223.帰師(きし)には遏(とど)むること勿かれ :撤退しようとしている相手を、無理に引き止めてまで戦う必要はない。?ビジネスでの活用法を3選で解説

223.帰師(きし)には遏(とど)むること勿かれ :撤退しようとしている相手を、無理に引き止めてまで戦う必要はない。?ビジネスでの活用法を3選で解説

ビジネスの現場や複雑な人間関係において、去ろうとする相手をどこまで追うべきか、あるいは引き止めるべきかと思い悩むことはないでしょうか。
中国の歴史的な兵法書である「孫子」には、223.帰師(きし)には遏(とど)むること勿かれ :撤退しようとしている相手を、無理に引き止めてまで戦う必要はない。という重要な用兵の原則が記されています。
本記事では、この言葉が持つ本来の意味や戦略的な背景、そして現代の企業経営や人事マネジメントにどのように応用できるのかを、客観的な視点から詳しく解説します。
この記事をお読みいただくことで、競合企業との立ち回りや、取引先・従業員との関係解消において、無用なトラブルを避け、双方の損害を最小限に抑えるための「適切な引き際の見極め方」をご理解いただけるはずです。
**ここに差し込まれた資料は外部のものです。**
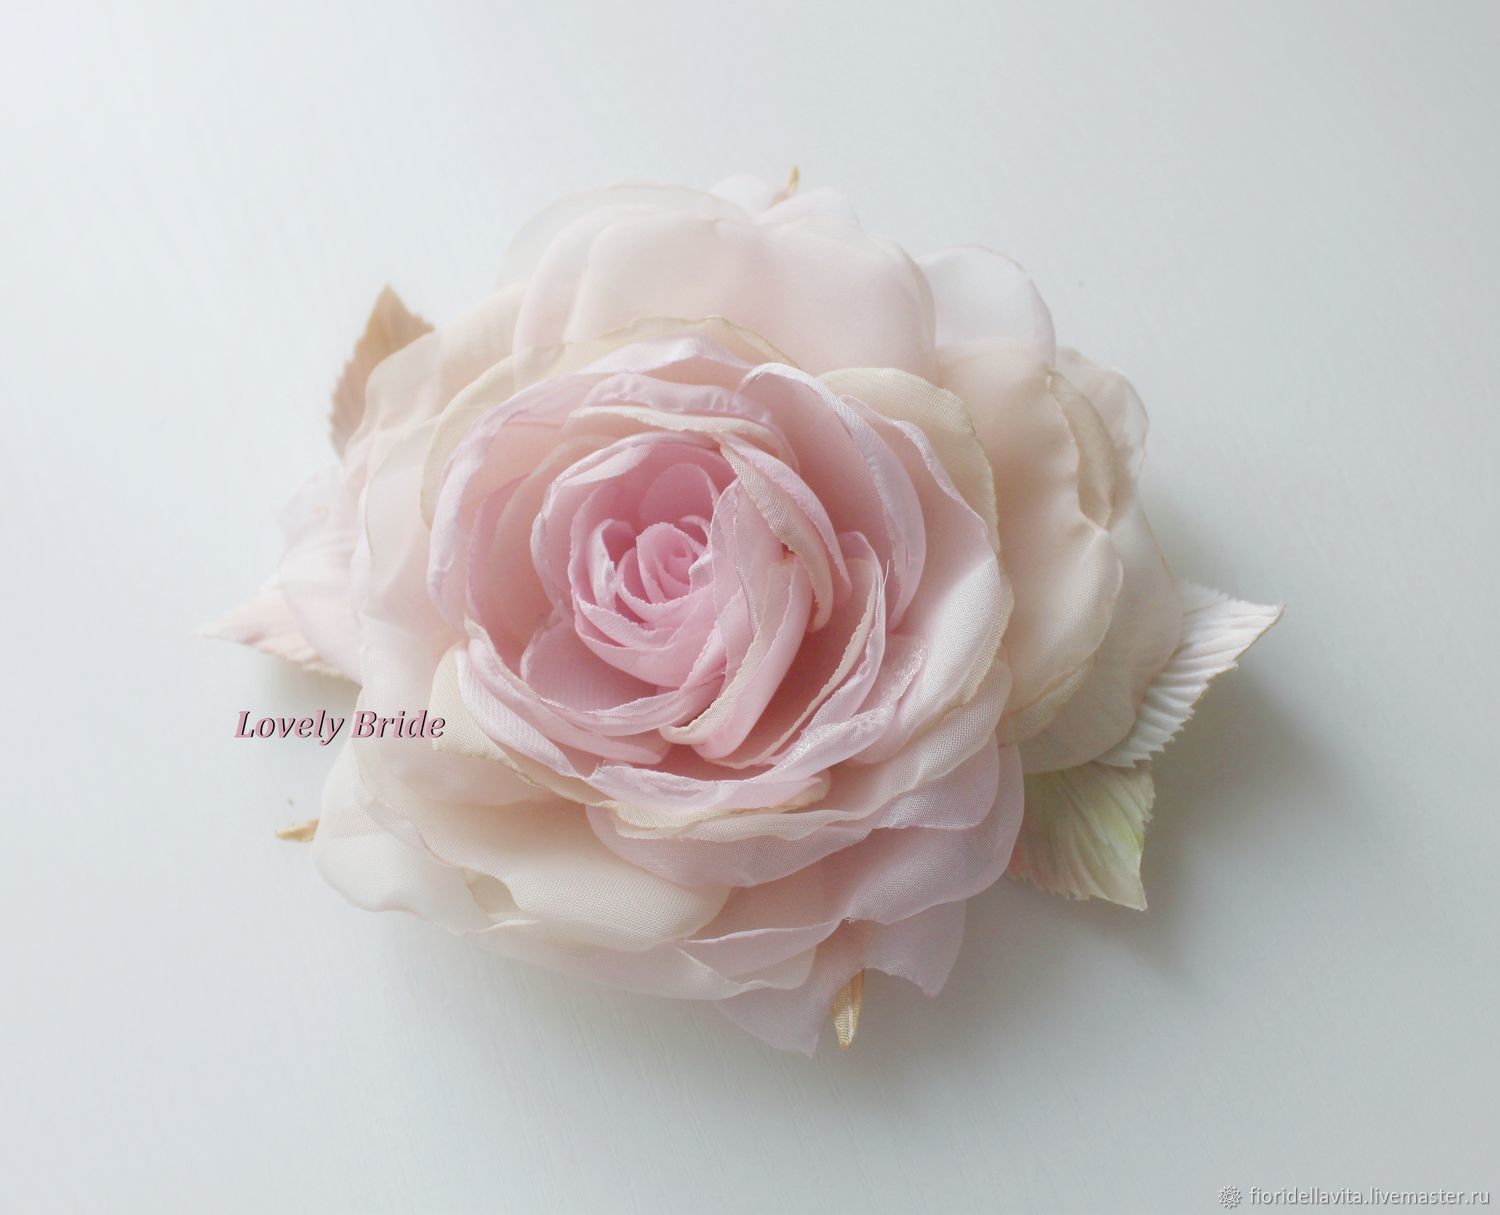 FABRIC FLOWERS Brooch flower chiffon rose ' Lovely Bride', Brooches, Vidnoye,  Фото №1

去ろうとする相手を深追いせず、損害を最小限に抑えることが最善の戦略です

去ろうとする相手を深追いせず、損害を最小限に抑えることが最善の戦略です

中国の古典「孫子」には、軍隊を指揮するうえで避けるべき禁忌がいくつか挙げられています。
その中の一つが、故国や本拠地へ帰還しようとしている敵軍を、わざわざ妨害してはならないという教えです。
これは単なる軍事上の戦術にとどまらず、いかにして自陣の損害を回避し、実質的な利益を守るかという、極めて合理的な戦略思想に基づいています。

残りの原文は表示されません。